INPUT RECORDS:
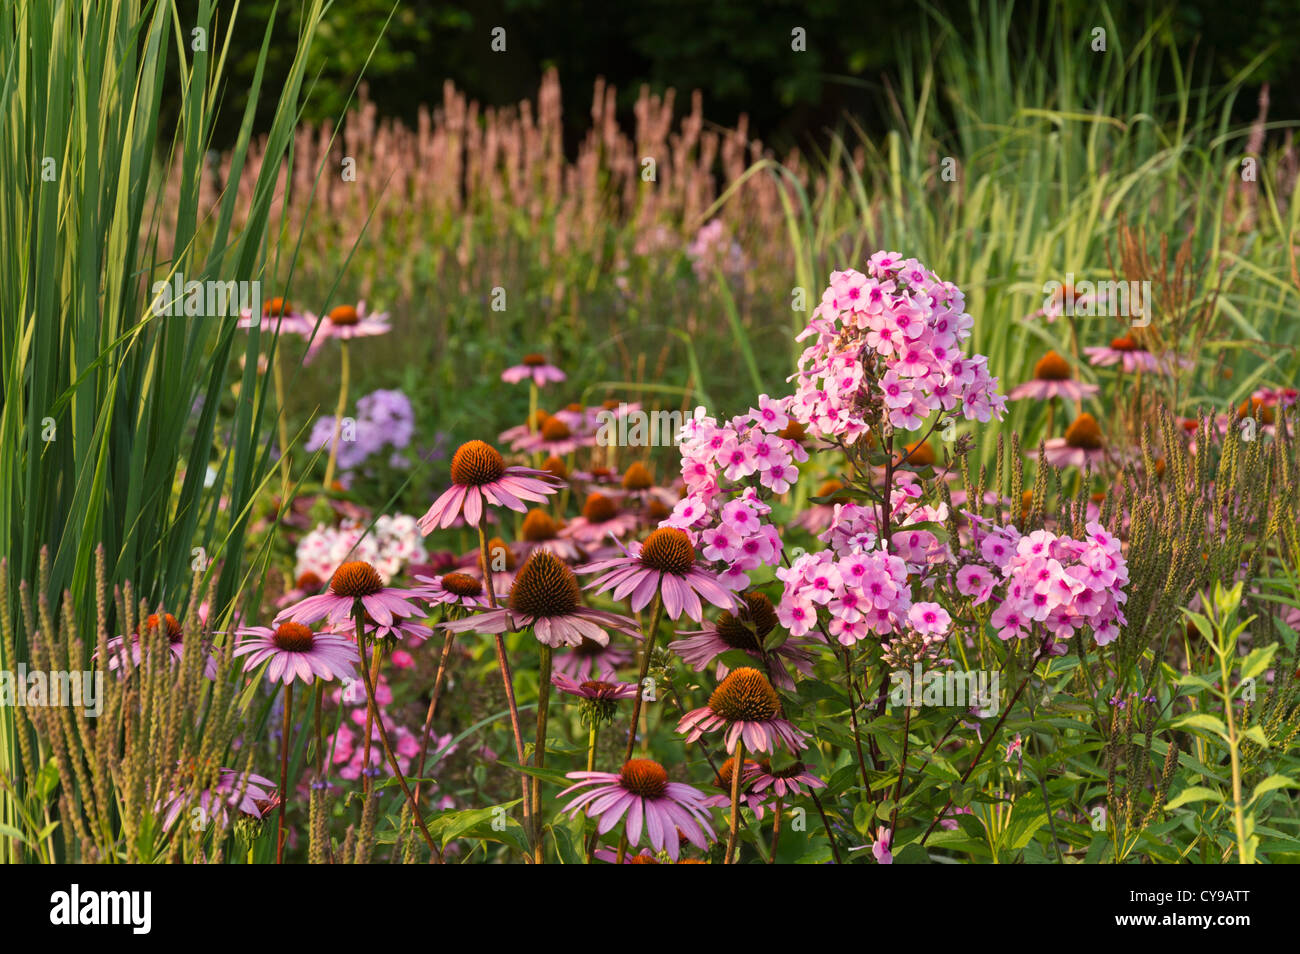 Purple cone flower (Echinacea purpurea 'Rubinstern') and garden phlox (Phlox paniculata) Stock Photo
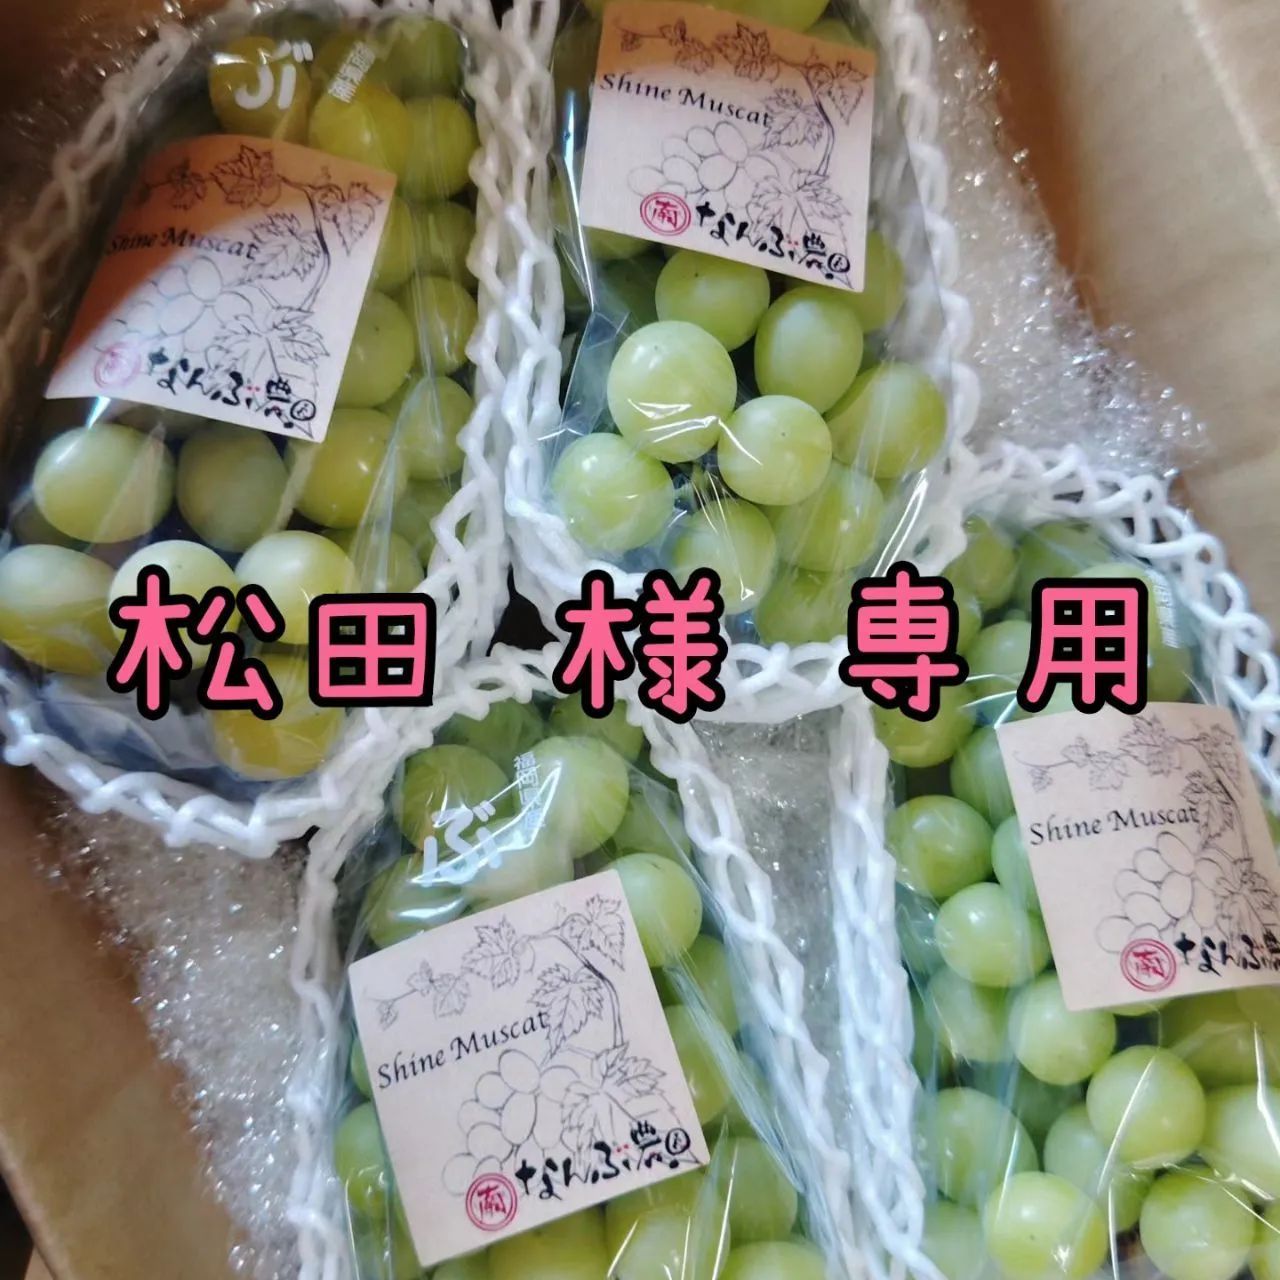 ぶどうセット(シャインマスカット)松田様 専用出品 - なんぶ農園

* * *

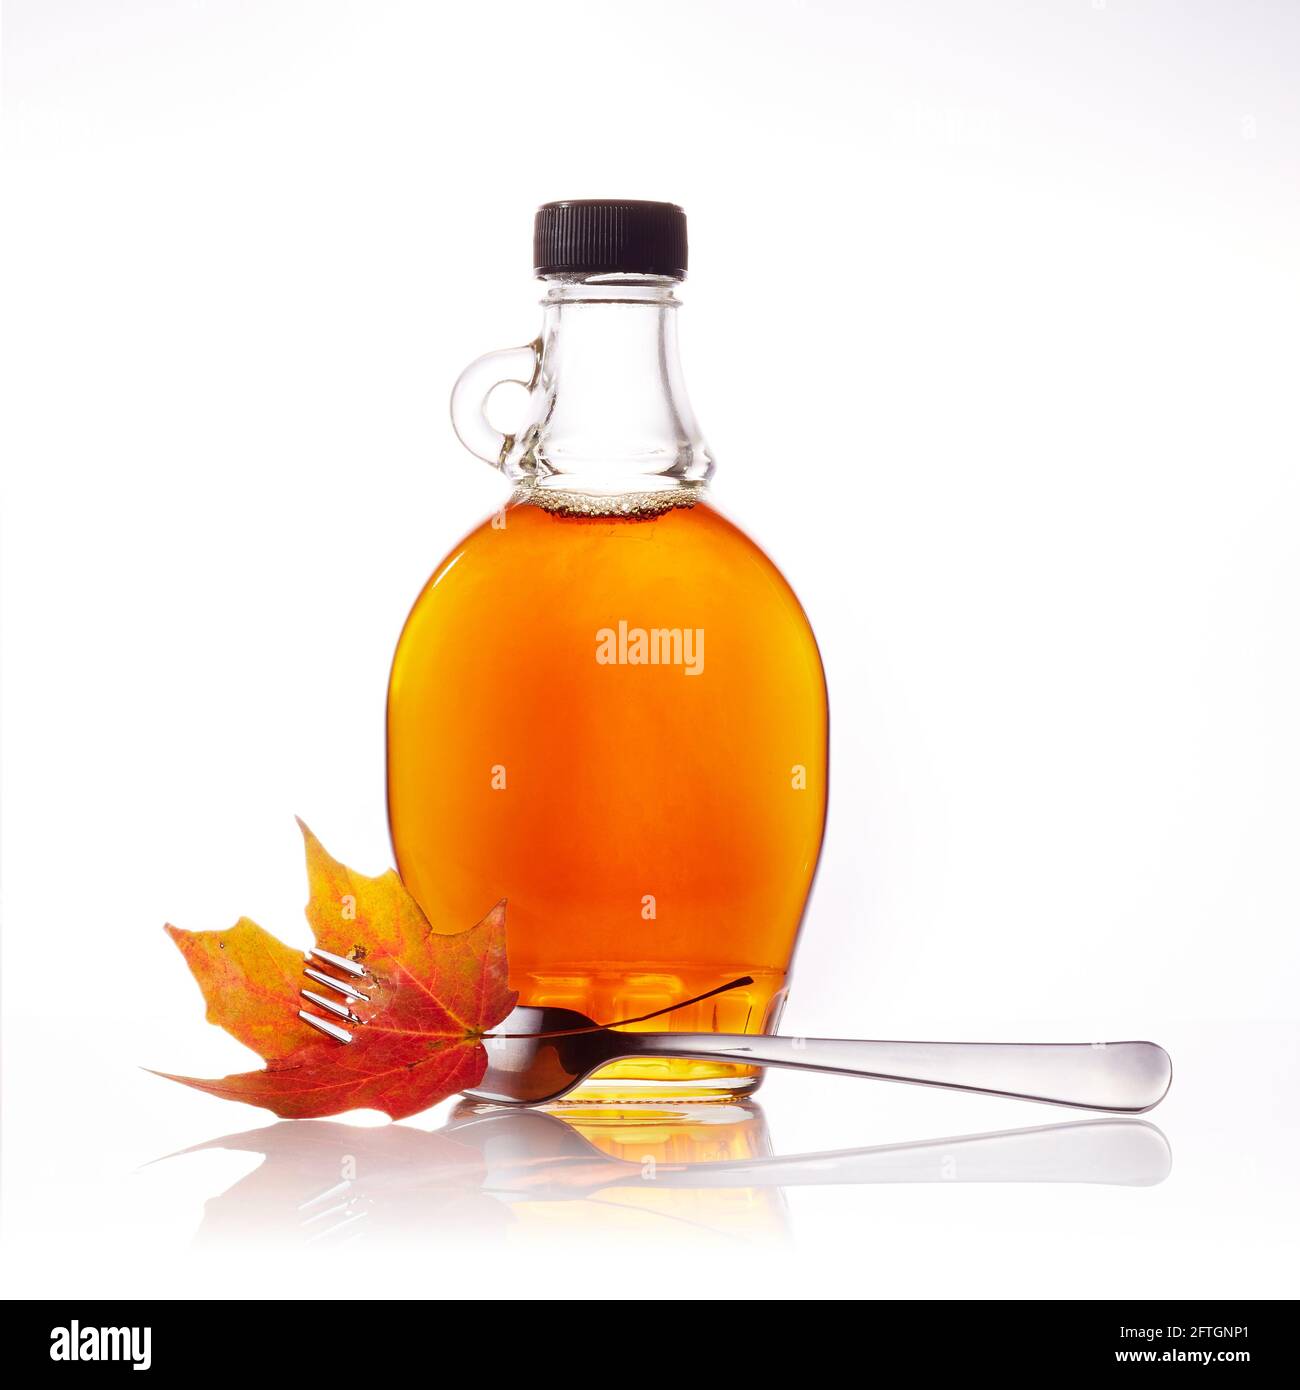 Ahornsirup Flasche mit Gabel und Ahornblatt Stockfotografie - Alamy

* * *

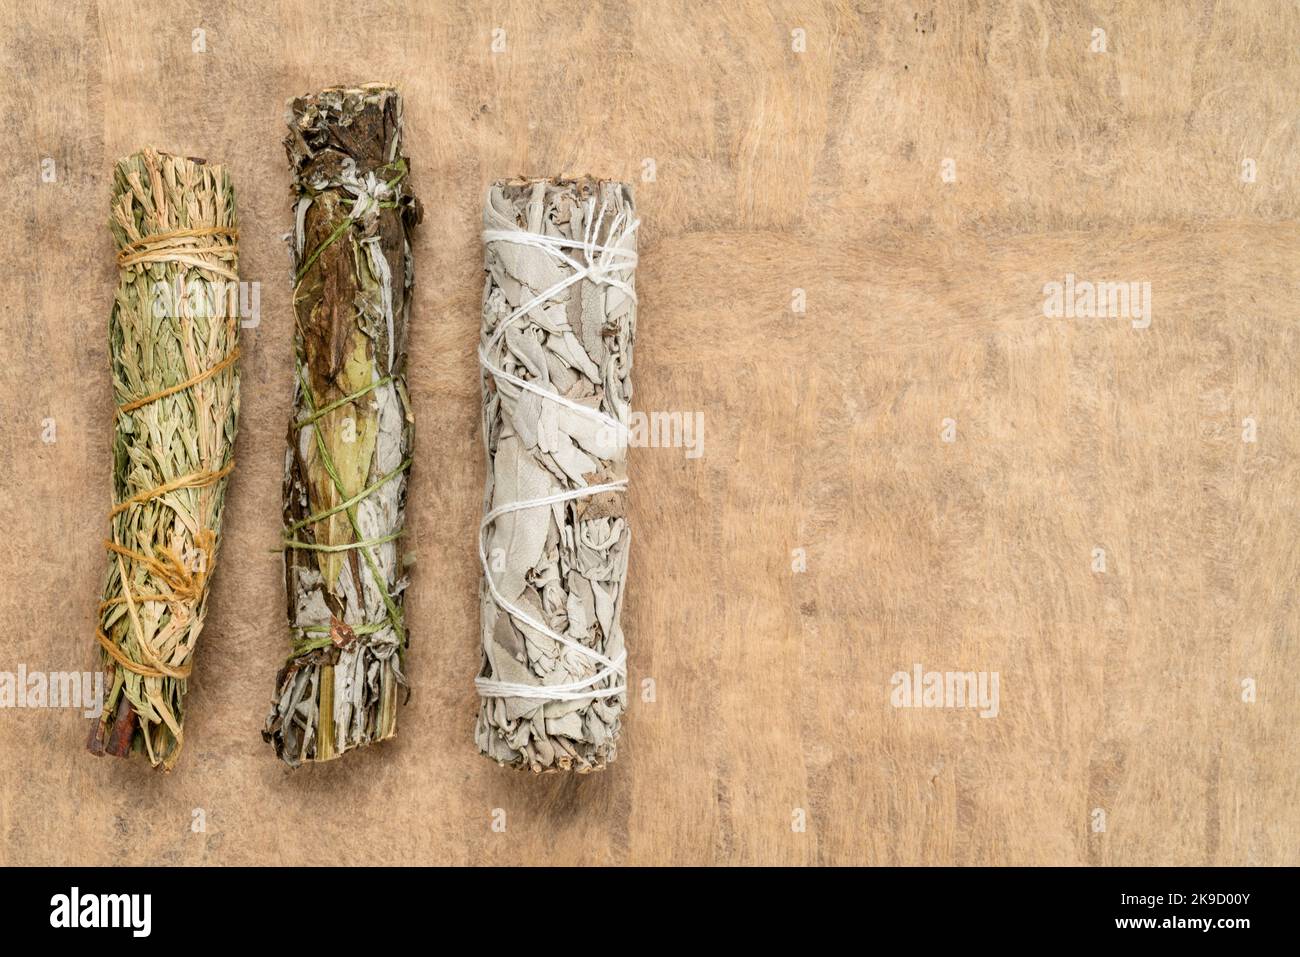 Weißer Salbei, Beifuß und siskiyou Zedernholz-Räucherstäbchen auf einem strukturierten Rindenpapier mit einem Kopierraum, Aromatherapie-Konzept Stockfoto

WHAT YOU HAVE TO DO: Copy only what lies between the line with "Purple cone flower" and the line with "ぶどうセット(シャインマスカット)松田様 専用出品 - なんぶ農園", those two lines included, exactly as given above; pictures stay out.

SOLUTION TO THE EXERCISE:
 Purple cone flower (Echinacea purpurea 'Rubinstern') and garden phlox (Phlox paniculata) Stock Photo
 ぶどうセット(シャインマスカット)松田様 専用出品 - なんぶ農園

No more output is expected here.